Sarah Thebarge, a 41-year-old physician assistant living in San Francisco, takes a pill every day to treat her lupus, a chronic condition that causes unbearable joint pain, fatigue and fainting spells.
The medicine she takes is hydroxychloroquine or HCQ.
But in March, HCQ, which is also used to treat malaria, suddenly became harder to get after US President Donald Trump touted the drug as a possible treatment for Covid-19.
As people started hoarding it, India — which reportedly makes 70% of the world’s supply of HCQ — quickly halted exports to secure its own supplies.
“When the hoarding started, my 30-day supply was in back order,” said Thebarge. “The scenario really scared me, what would happen to me if I couldn’t get HCQ?”
The US Food and Drug Administration (FDA) has not approved HCQ as the treatment for Covid-19, but the episode showed how dependent the US is on India for drugs — namely generic drugs, which are copies of brand-name pharmaceuticals that have the same effects but cost less.
While the US seems to hold sway with its ally India in obtaining the finished product, there’s a bigger issue earlier in the supply chain.
India gets around 68% of its raw materials — known as active pharmaceutical ingredients (APIs) — from China. Any disruption in that supply chain can create a major problem, especially during a pandemic.
As scientists and pharmaceutical companies race to find an effective treatment and vaccine for Covid-19, there are fears the current vulnerabilities in the supply chain could expose the US — and other countries — to drug shortages, just when they need them most.
The US has pledged to “Buy American” drugs going forward, and Indian plans to ramp up its own API production, but will they be able to replace supplies from China during this pandemic — or even the next?

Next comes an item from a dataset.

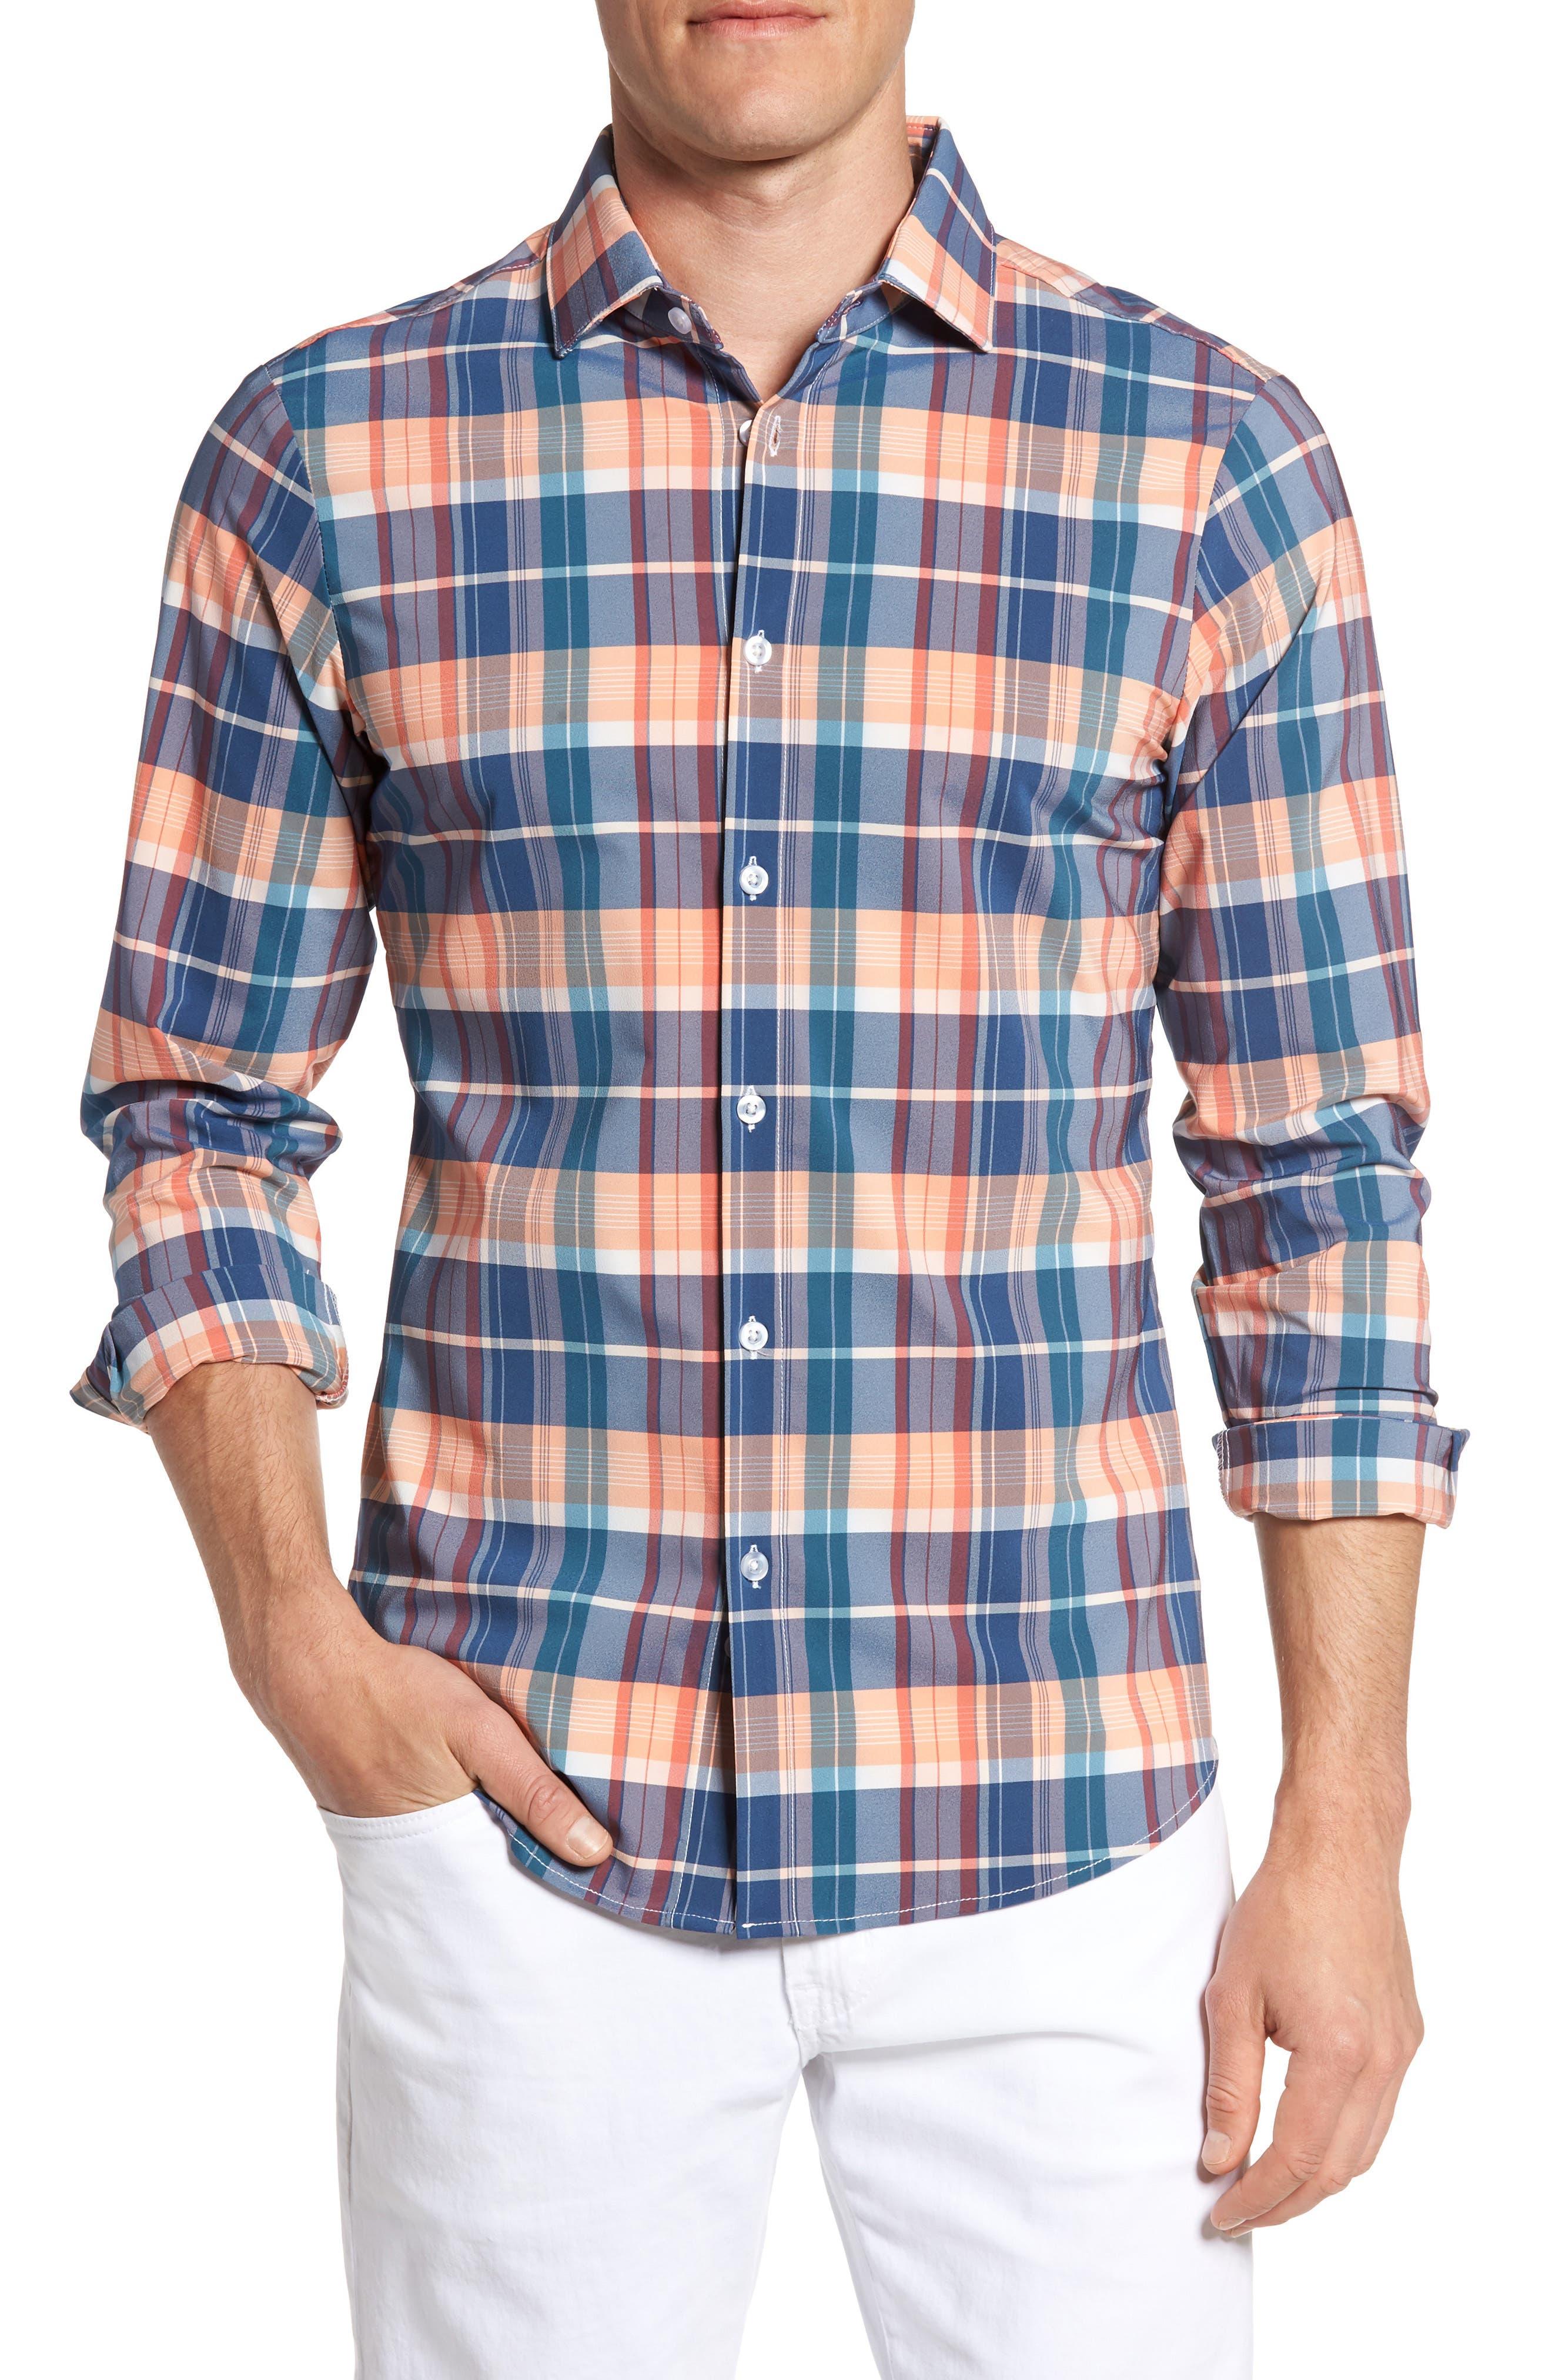 Alternate Image 1 Selected - Mizzen+Main Potomac Madras Performance Sport Shirt (Regular & Tall)

India’s rise in global pharma
India’s rise as a global producer of cheap pharmaceuticals began when the Indira Gandhi administration passed the Patent Act of 1970, which granted legal protection only to the processes used to make a drug, not a drug’s content.
Karan Singh, managing director of Indian pharmaceutical company ACG Worldwide, says the government realized its huge population was never going to be able to afford imported patented drugs, and needed to find a solution.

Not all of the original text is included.